Stored data =>
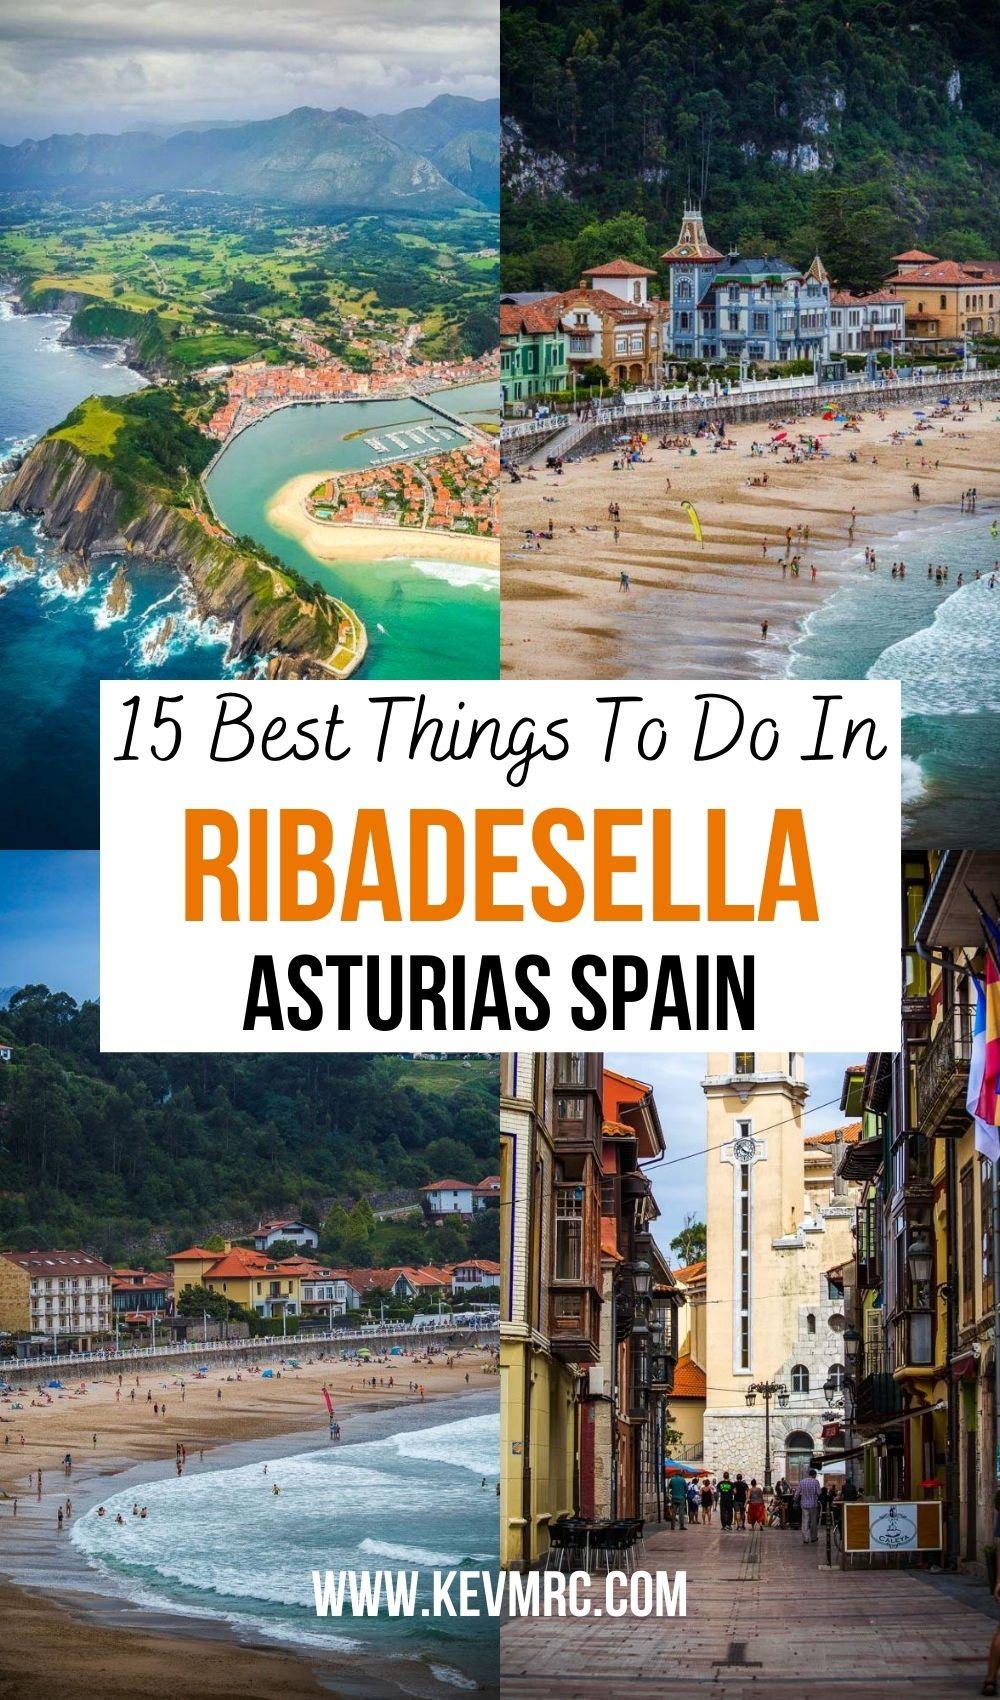 Ribadesella is one of the most charming coastal towns in Asturias Spain. It's a great place to recover from all the adventures, but there's much to explore in town. It also has one of the most beautiful beaches in Asturias! ribadesella asturias | que ver en ribadesella
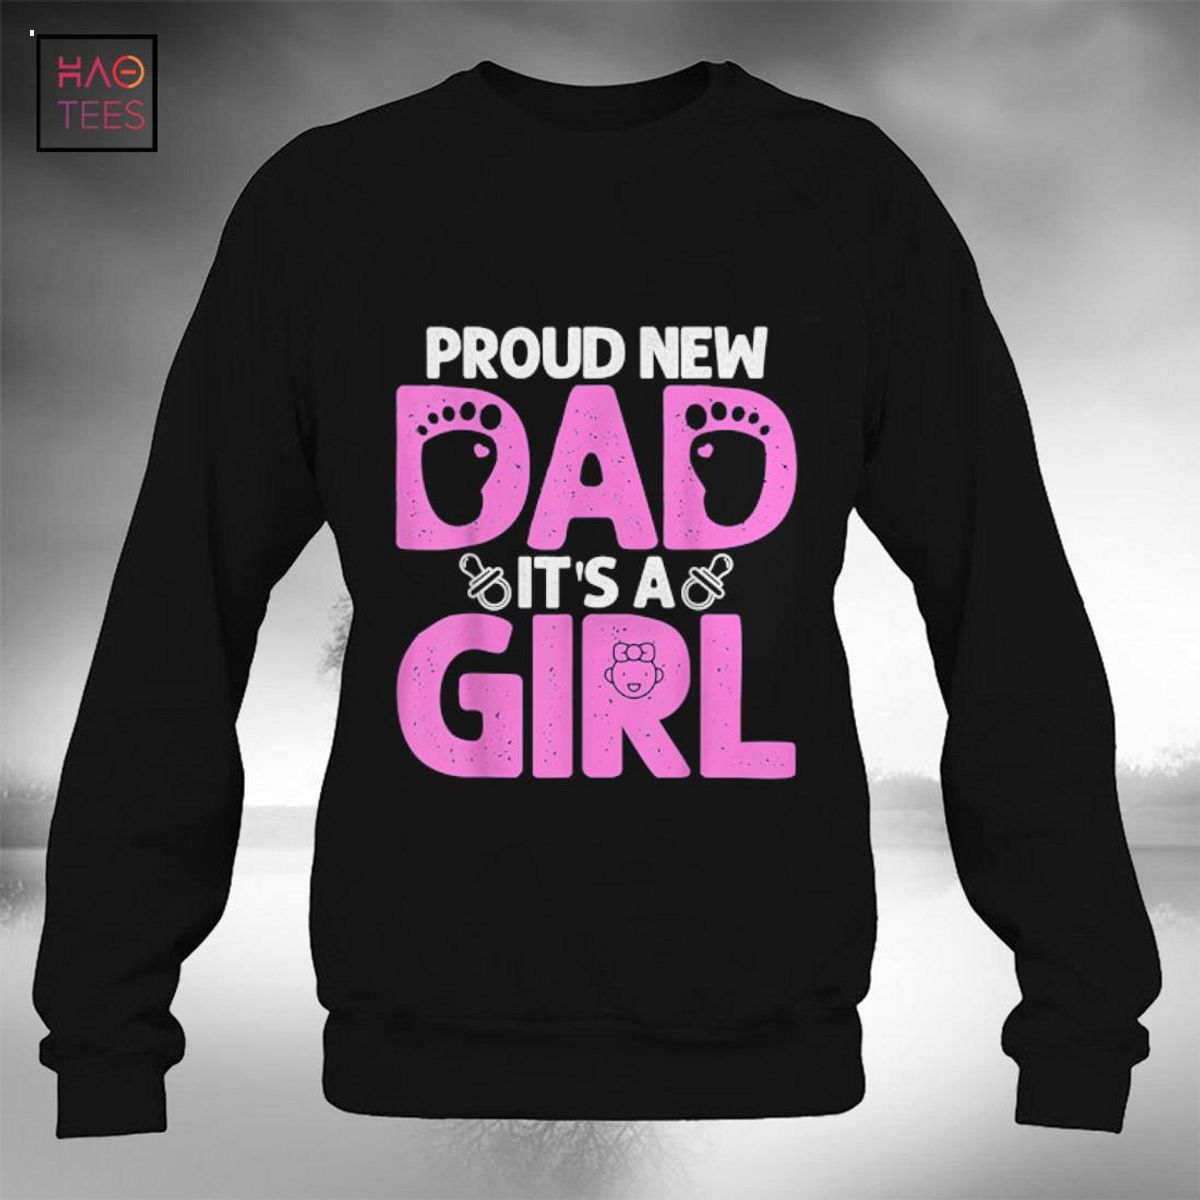 Fathers Day Gift Funny Dad Shirts Girl Dad Shirt Dad of 
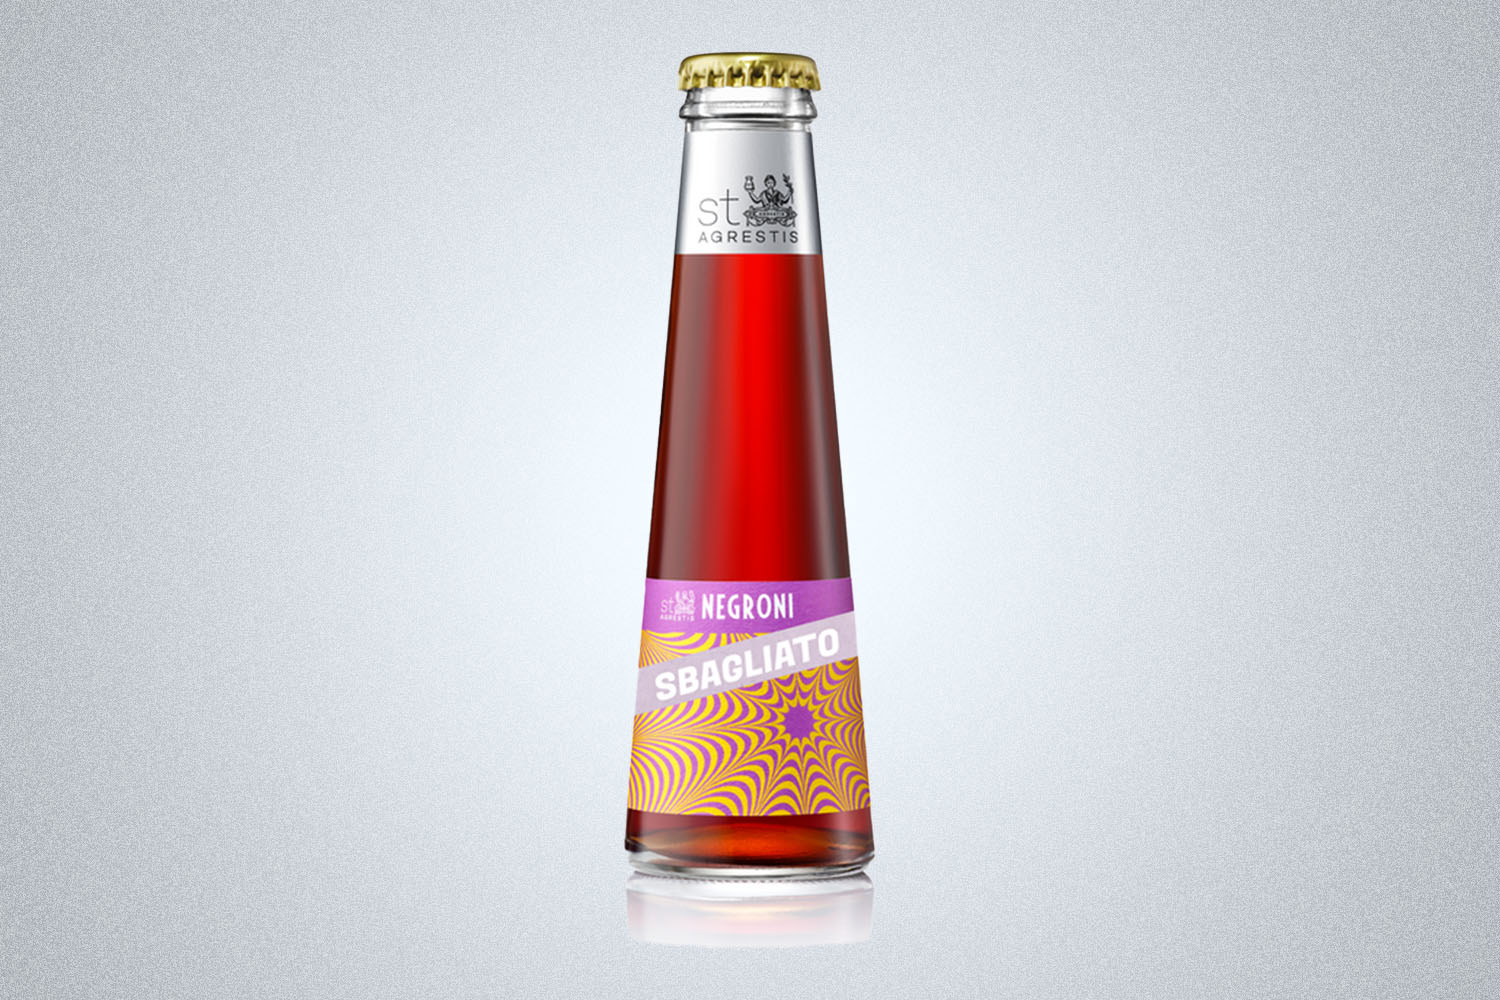 a bottle of St Agrestis Negroni Sbagliato on a grey background

Work item =>
The answer should be the full material above, printed exactly, with no pictures in it.

Answer section =>
 Ribadesella is one of the most charming coastal towns in Asturias Spain. It's a great place to recover from all the adventures, but there's much to explore in town. It also has one of the most beautiful beaches in Asturias! ribadesella asturias | que ver en ribadesella
 Fathers Day Gift Funny Dad Shirts Girl Dad Shirt Dad of 
 a bottle of St Agrestis Negroni Sbagliato on a grey background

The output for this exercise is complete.